Freelancers, new starters and some women on maternity leave have not had ‘one penny piece’ from the government in six months, the SNP’s economic spokeswoman Alison Thewliss said to the Chancellor as she claimed the new support package still does nothing to help this group of people.

“There’s nothing here, nothing whatsoever, for those that have been excluded from existing support schemes,” she said.

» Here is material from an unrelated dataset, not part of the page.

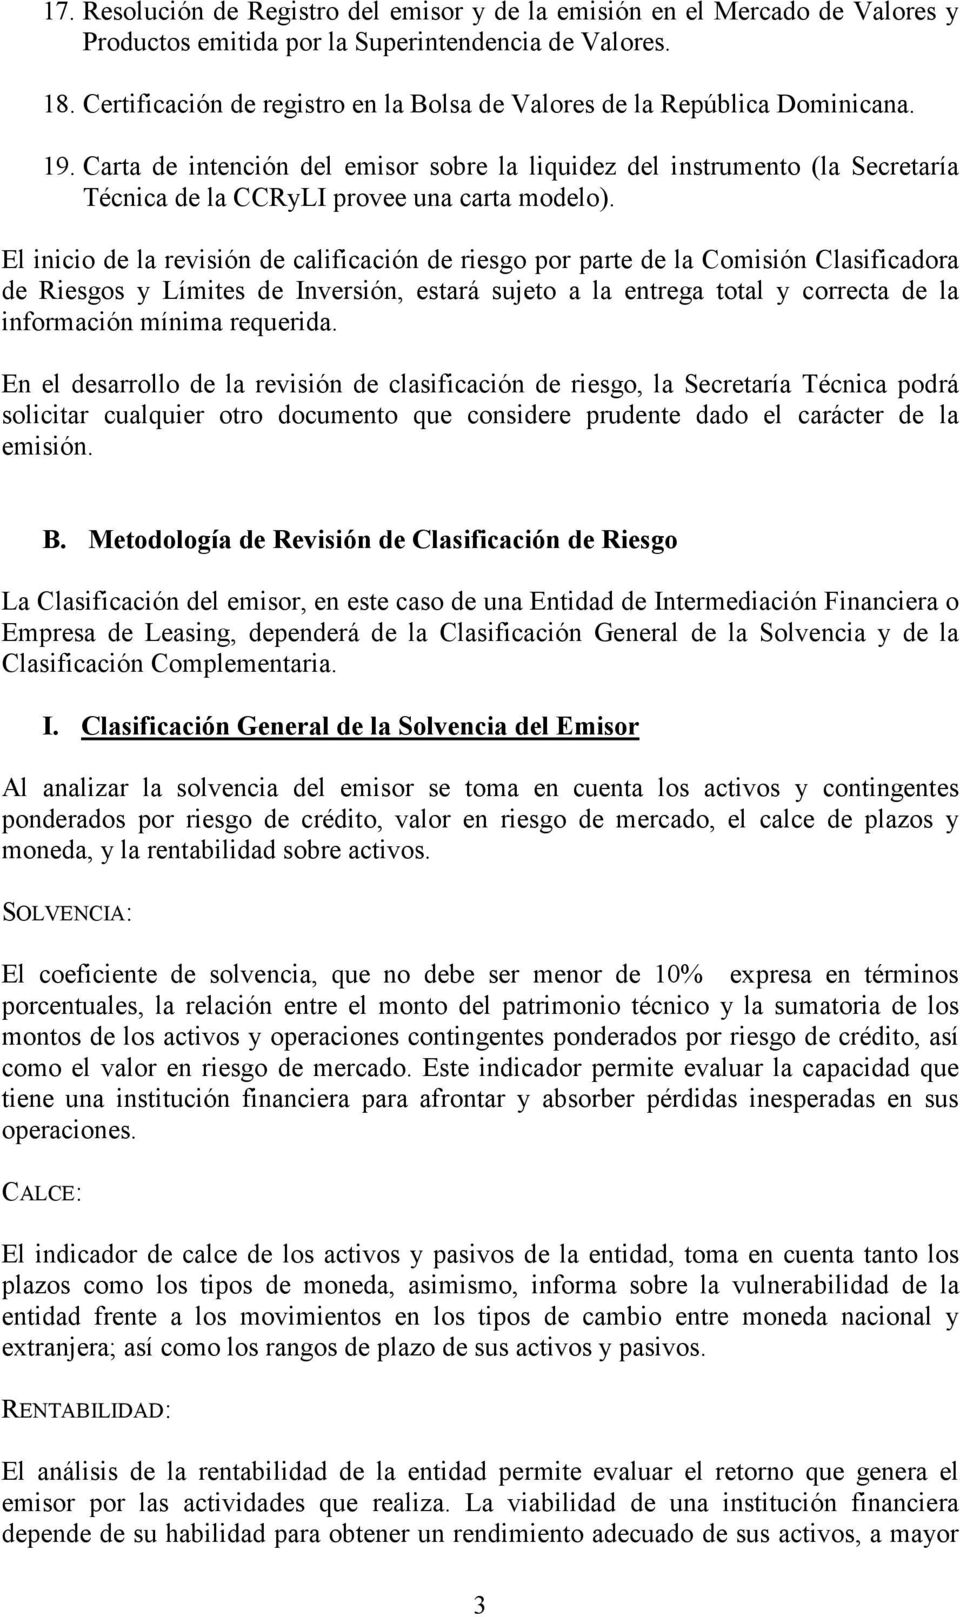 Carta de intención del emisor sobre la liquidez del instrumento (la Secretaría Técnica de la CCRyLI provee una carta modelo).

“The freelancers, the ‘forgotten limited’, the PAYE, the new starters, the women on maternity, all of those who have not one penny piece from this government for six months. He cannot say he does not know this is a problem although he still refuses to meet with them.

“How dare he say these three million people should be left high and dry with nothing.”

The Chancellor responded that there had been a temporary increase in universal credit welfare and enhanced support for the most vulnerable. He also referenced a a hardship fund for those struggling to pay council tax bills and said research had shown their financial help so far had made the most difference to those on the lowest incomes.

The Liberal Democrats also said they had deep concerns about the three million people who are tax payers but who have not had financial support.

Their treasury spokesperson, Christine Jardine MP, asked: “What about the three million who have no support for six months and will still be excluded from financial help.

“Where are the job creation plans to tackle unemployment?”

Among those who the group Excluded UK say have been missing out on support are the newly self-employed, those earning less than 50 percent income from self-employment, the self-employed with £50k plus in trading profits, PAYE freelancers and anyone made redundant before March 19. The ‘forgotten limited’ are small limited company directors who have not been eligible for self-employment income support.

Chair of the Treasury Select Committee, Tory MP Mel Stride, said many self-employed people fell through the gaps of the support provided previously and he asked Sunak if he would look at specifically helping that group of people in the new measures. Sunak suggested that the government’s income tax self-assessment deferral scheme could help. 

Jacqueline Harthill, a self-employed owner of the Bristol-based The Happy Parents’ Club said the measures today have not helped people in her position.

She said: “The recently self-employed have once again come away from another major government statement empty-handed. It’s mind-boggling how millions of self-employed people have been left to fend for themselves.

“Once you’ve exhausted your savings, which many self-employed already have, the next step is defaulting on the mortgage, followed by homelessness and, ultimately, a much poorer society. The millions of people who have fallen through all the cracks in the support packages to date will be suffering financially, physically and emotionally for many, many years to come.”

Director for the Institute for Fiscal Studies, Paul Johnson, tweeted that the changes announced by the Chancellor – ending the furlough scheme and shifting to a wage top up scheme – are significant.

He wrote: “This is a v big change from furlough. Less generous. Only open to those who are working a third of normal hours. Understandable given need to adapt as economy changes. Can’t pay all wages forever. But a lot on furlough now likely to lose their job.”